# Lost Paddle in Upper Taos Box



## atom (Jan 14, 2004)

*found*

Found your paddle today at the bottom of Big A. I stashed it on river left at the bottom of the rapid. Right near where the 2 big rocks stick out into the bottom of the drop from river left. Pulled the pogies from the paddle. Give me an address and I can send those up to you. Atom....



yakin' said:


> Yesterday (4/4) my buddy lost my extra paddle in the slot of the left run of Big Arsenic. He was upside down with his arms extended and it was ripped from his hands. Not sure if it got stuck in there or went downstream. We were more concerned with getting him safely to shore and never saw it again. It is a white blade and black shaft werner with a left hand brewing co. sticker on one of the blades. It also has my phone # on it, so a case of beer is up for whoever finds and returns it.
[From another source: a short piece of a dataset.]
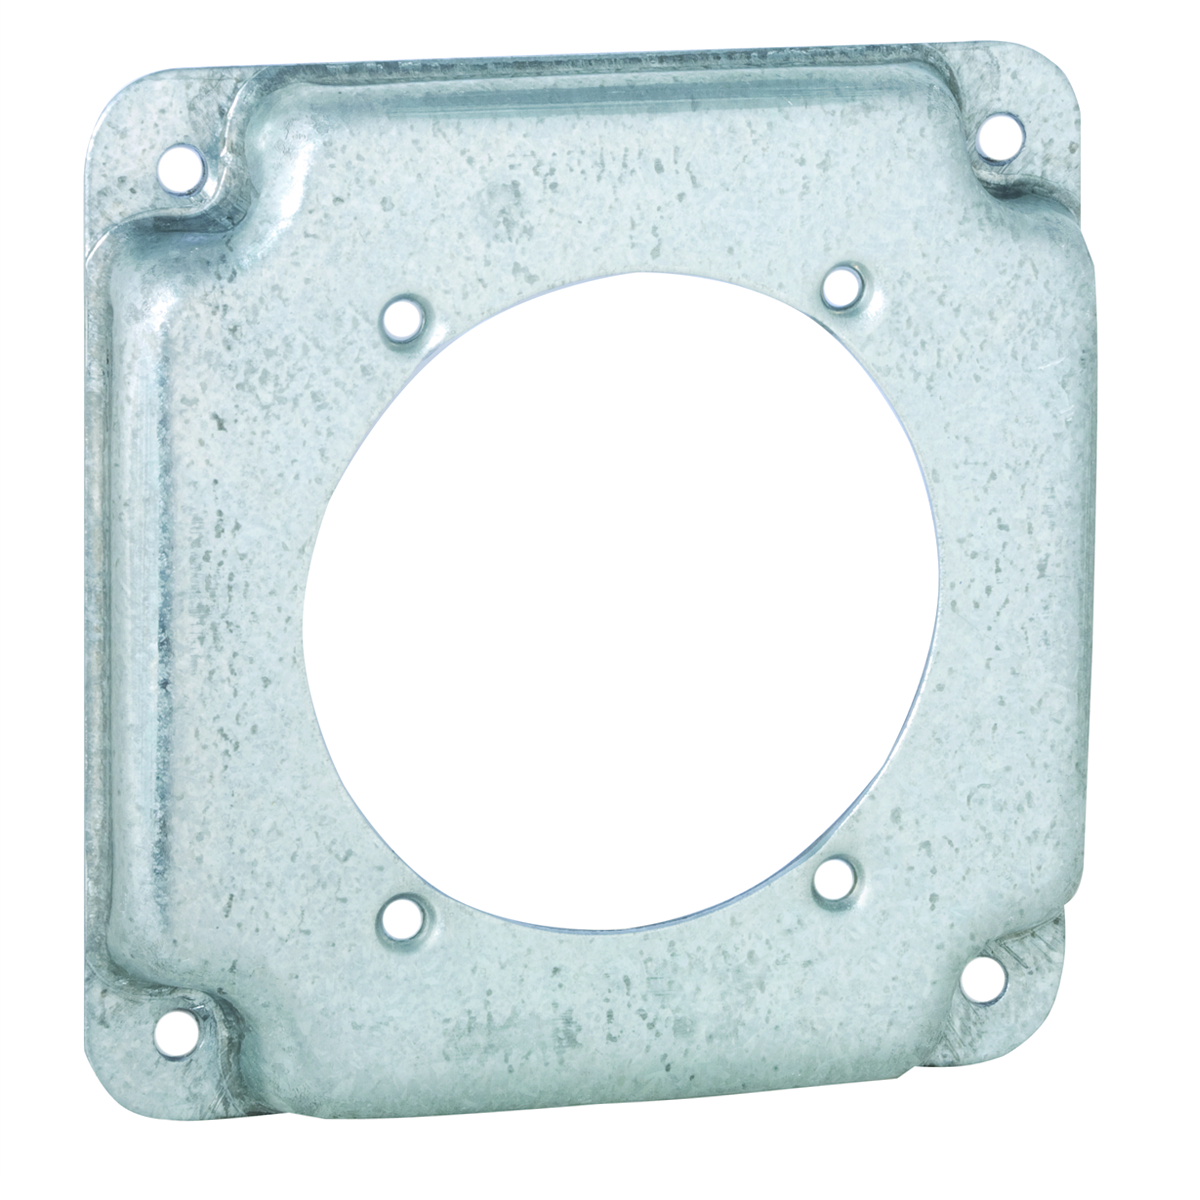 RACO 813C 4" SQUARE EXPOSED WORK COVER, 30A-60A RECEPTACLE 2.625" DIAM

Just a heads up to be careful in that rapid when flows drop. Please scout that slot move, because it could be dangerous if it's stuck in there.
> 
> Scott


----------



## D. Hippie (Feb 18, 2008)

Thanks Atom. I'm coming down to NM this weekend for the embudo and maybe a few other runs. Not sure what the schedule is yet, but if you give me a call I'll come by and grab those pogies. Gotta get down in the box again to grab that paddle since it's my playboating paddle. Thanks again,

Scott
(970)987-1507


----------